Low-Fidelity Prototypes

An interactive map low-fidelity prototype visualizes hazard/natural, built, and social environmental data This map provides end users with information to identify likely flooding locations, where population is located with specific characteristics that might highlight specific needs, and food sources (e.g., grocery store, food pantry). Harmonizing multiple data sources allows emergency responders to better plan, distribute, and stockpile food supplies ahead of a disaster. End users are able to toggle on and off different layers and add filters to the map. This is an improvement upon current data and measures which are located across a dozen different data sources to provide synthesized data in a single platform. In Phase 2, the last 50 years of storms will be hindcast to visualize roadways more and less frequently flooded historically.

 

The editable map is similar to the map described above but enables the user to add their own place-based information to the map. For example, an end user can “drop pins” to add locations where staff convene, supplies are pre-positioned, or feeding operations are set up. The user can then employ embedded spatial analysis tools to compute descriptive metrics for those locations, such as how many people live within a 2-mile catchment of a feeding operation, or the average distance between a neighborhood and the closest feeding operation. This is an improvement upon current maps because it allows the user to drop pins with information like in Google Maps with the advantage of having a suite of disaster food and nutrition security information integrated alongside analytic tools. According to the stakeholder and end-user interviews conducted in Phase 1, the interactive map feature is of high value for emergency managers and community leaders as it combines the benefit of accessing a tool with a variety of harmonized datasets ready to be used with the customizability that this group of professionals often already uses in times of crisis (e.g., flood maps, google maps, population data from the US census, etc.).

 

A scorecard prototype was designed to provide end-users with information about the individual data points driving the community food insecurity measure. For example, the scorecard would tell the end user what a community food insecurity measure of 34% is driven by through providing individual data points in the computation of that summary score. The above figure shows the scorecard with illustrative indicators of interest for a specific county or census tract as well as simple trend visualizations. End users can use the scorecard to compare the status between different counties or census tracts as well as with the entire state. The scorecard can be used to determine areas of geographic focus to improve disaster food security. This scorecard provides more detailed information on community level food insecurity within a hazard context than the current metrics of vulnerability in a disaster context (e.g., SVI) by including indicators specific to food security. It also improves upon community food security metrics (e.g., USDA food desert measure now called the Food Research Atlas) by including more comprehensive indicators contributing to food security (i.e., dietary needs of the population, food assistance, etc.). The Food Research Atlas primarily measures food insecurity based on access to a vehicle and the distance between communities and the nearest food retail outlet using Euclidean distance (“as the crow files”). The current version of the scorecard is in the prototype stage, meaning that the data extraction and visualization has not yet been automated.
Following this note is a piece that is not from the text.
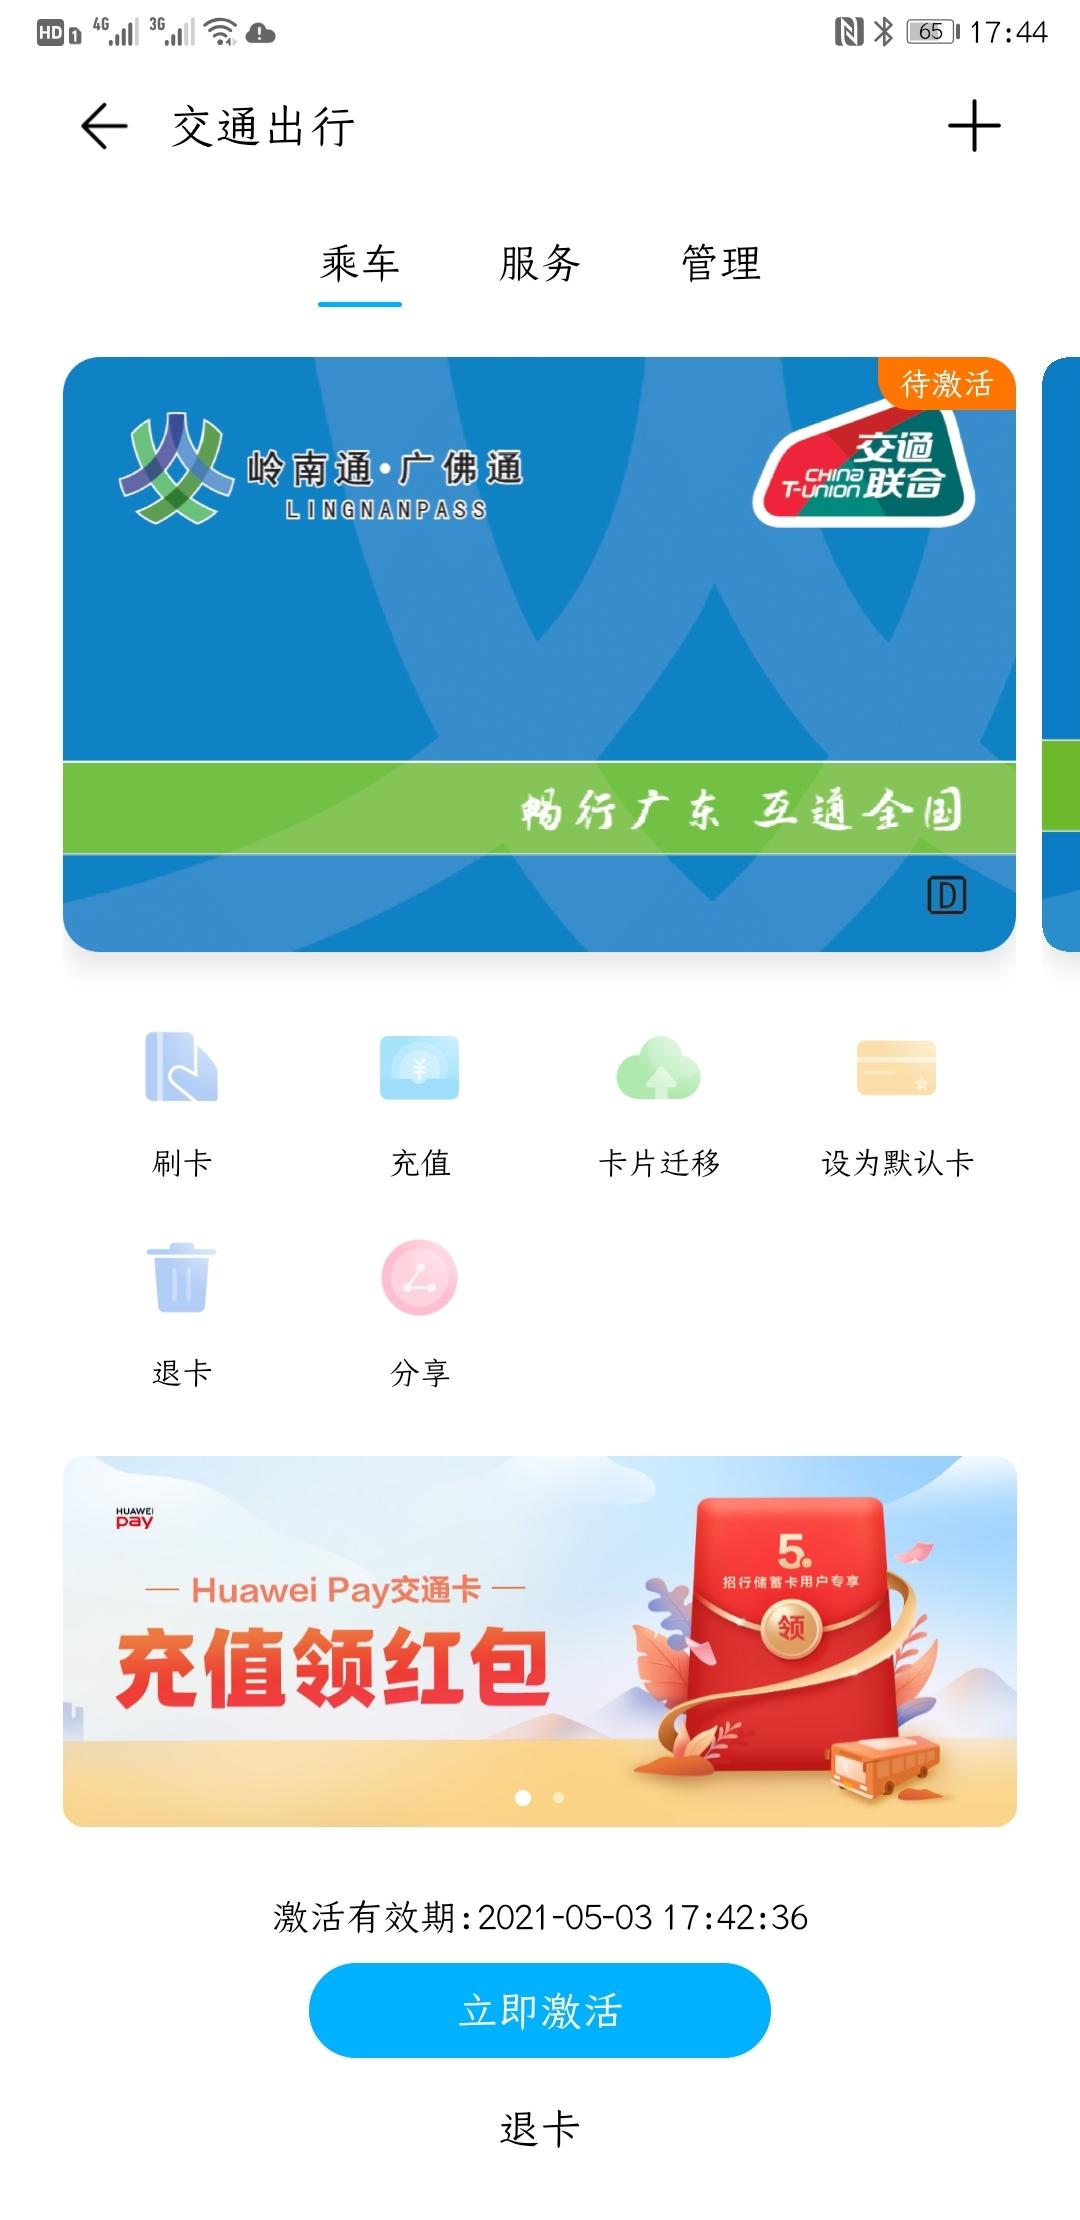 Screenshot_20210430_174442_com.huawei.wallet.jpg

Simulation tool: this tool takes the “community food security” measure a step further and allows the user to simulate interventions that may have a positive effect on food security in different census tracts. On the dashboard, users can select a census tract and a specific time horizon (e.g., beginning 7 days before and ending 28 days after the disaster), and move levers for interventions. For example, a user could choose to increase pre-disaster stockpiles and/or decrease the time until road or power restoration is completed. The dashboard will convey three possible outputs: a) the community food security measure, describing the cumulative meal shortage per capita for the simulated time horizon, b) a time graph showing the behavior of key model stocks over time (e.g., population, food supply line/incoming food, etc.), and c) a map enabling comparison to neighbouring jurisdictions.